Par un arrêté pris le mercredi 9 février dernier, le gouverneur de la région de Niamey annonçait une batterie de mesures restrictives du commerce et de l’approvisionnement de volailles à travers la ville de Niamey et ses environs dans un raillons de 10 km.

L’arrêté pris afin de freiner une épizootie de grippe aviaire hautement pathogène (H5N) provoque mécontentement et détresse auprès des vendeurs de volailles à Niamey particulièrement les grossistes et les fermiers. Ces derniers subissent de plein fouet les dommages et les conséquences de l’arrête sans préavis ni mesures d’accompagnement du gouverneur de Niamey. Au quartier Yantala dans le 1er arrondissement, en face du cimetière musulman, où se trouve l’un des principaux points de vente de volailles et produits dérivés, c’est une ambiance de sinistre qui règne. Des poulaillers déserts, bordés de tables recouvertes de crasse sanguinolentes et quelques poubelles remplies de plumes des volailles qui n’ont pas survécu à l’arrêté du gouverneur de Niamey car sacrifiés et bradés peu après la publication dudit arrêté. Sur place, nous avons retrouvé Adamou Attah le patron des lieux assis sur un banc entouré d’une dizaine de jeunes au visage empreint de détresse. L’arrêté du gouverneur, ou du moins la grippe aviaire déclaré à Niamey provoque chômage et pertes économiques colossales.

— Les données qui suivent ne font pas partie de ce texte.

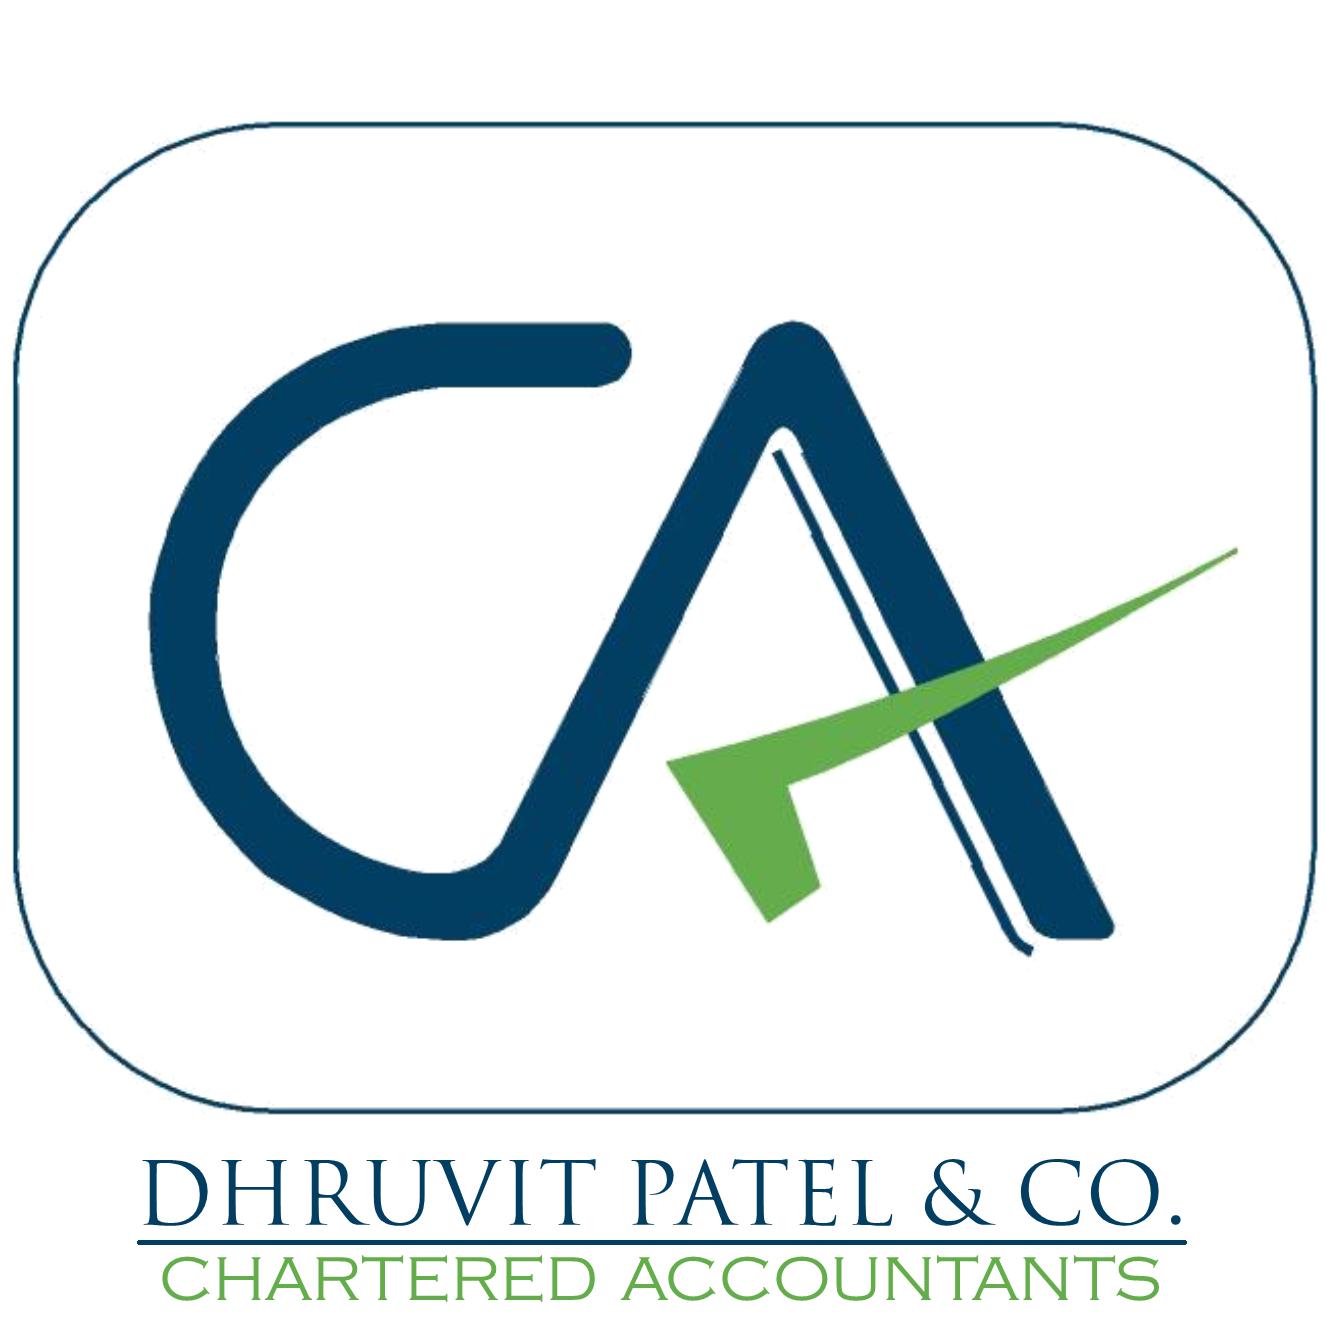 Dhruvit Patel & Co. Logo
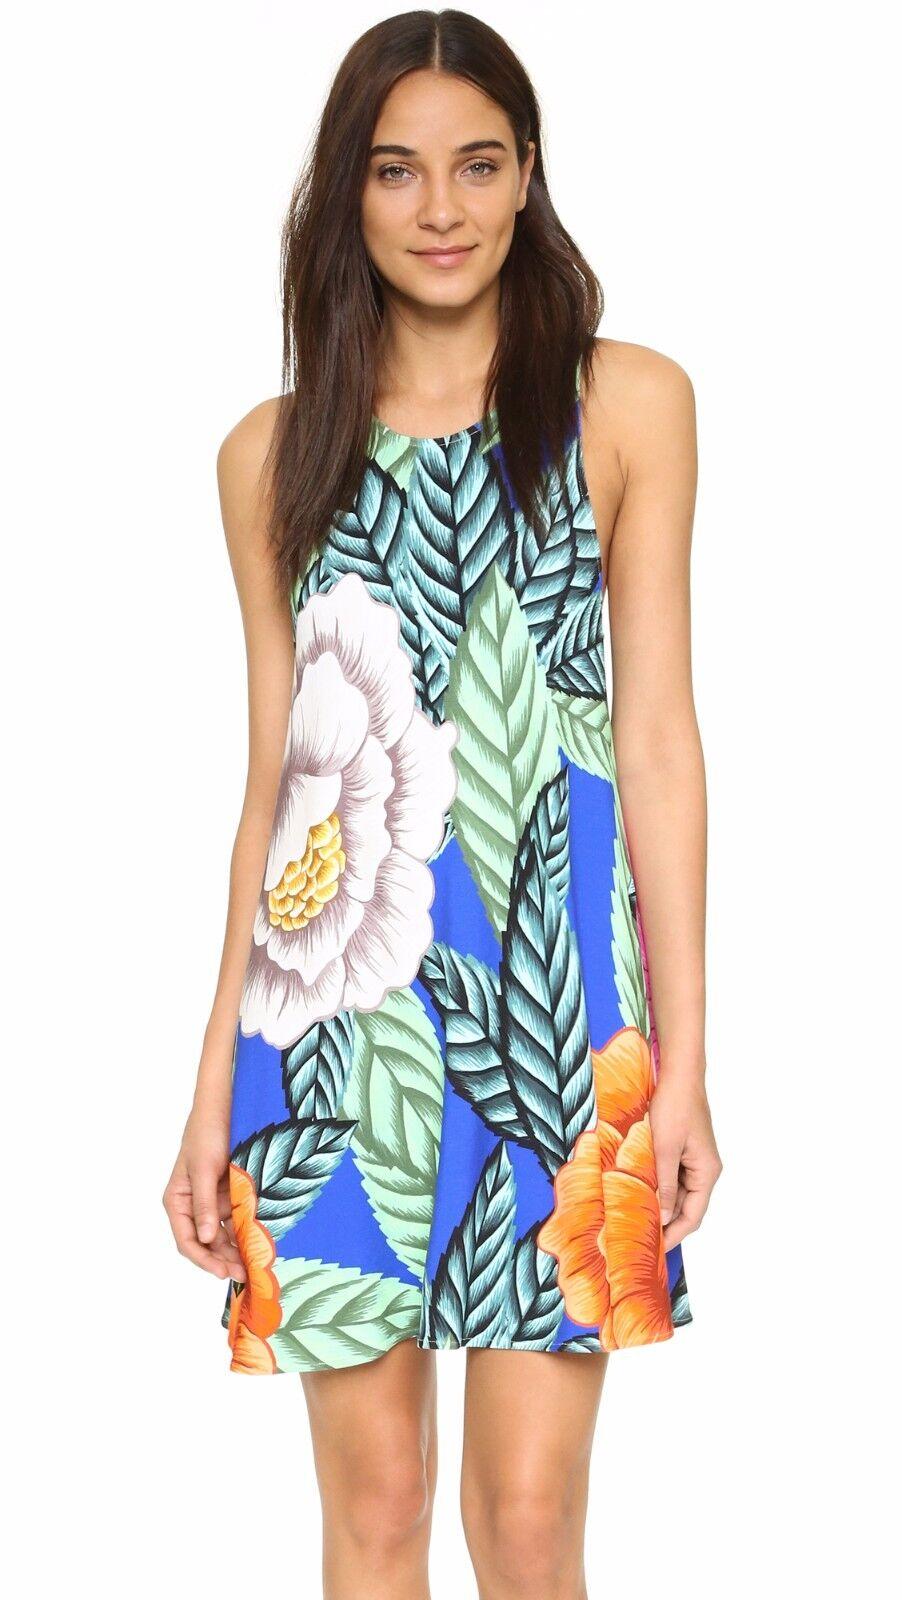 MARA HOFFMAN Floral Swing Dress Size XS NWT  268

« J’emploie plus de 30 jeunes ici, qui dépendent exclusivement de la vente du poulet et des produits dérivés ainsi que les services y affairant. Depuis le jeudi nous sommes dans le desaroi sans revenu ni assistance » fait savoir Adamou. « Nous étions paniqué lorsque nous avions appris que les autorités ont interdit le business du poulet et il fallait que nous nous débarrassons de notre marchandise de peur qu’elle soit saisie et détruites » nous explique le volailler. Ne fallait-il pas sensibiliser ces acteurs importants de la distribution de volailles et produits dérivés avant de prendre une telle décision? Du moins c’est ce que pense beaucoup le volailler que nous avons interrogé. Ce dernier écoule plus 100 poulet par jour entre vente en gros et en détaille mais voit son business s’arrêter sans aucun soutien de la part des autorités. Toutefois, « nous gardons espoir, et nous sommes en train d’envisager d’autre possibilité pour nous procurer de volailles et repeupler nos poulaillers puisque nous ne pouvons pas rester comme ça oisifs » indique Adamou. Du reste malgré, la déclaration de la présence de la grippe aviaire à Niamey, la demande de poulet n’a pas baissé chez les consommateurs, « les clients viennent toujours mais nous le poulet n’est pas très disponible à cause du faible ravitaillement depuis une semaine » nous apprend Boubé Hamani, vendeur de volailles au quartier recasement. Vendu entre 2000 et 2500 francs, le prix unitaire du poulet local est passé plus 3000 FCFA à Niamey depuis lors. Jusqu’au samedi 12 février, les foyers connus de l’épizootie sont : les fermes AviNiger et Belle vue et 2 autres fermes familiales. Ces 4 foyers totalisent 44 022 volailles infectés, détruites par la suite conformément au protocole édicté par les Direction des services vétérinaires du ministère de l’Agriculture. Contactés par l’Enquêteur, les responsables d’AviNiger ferme la plus touchée, n’ont pas voulu s’exprimer sur le sujet.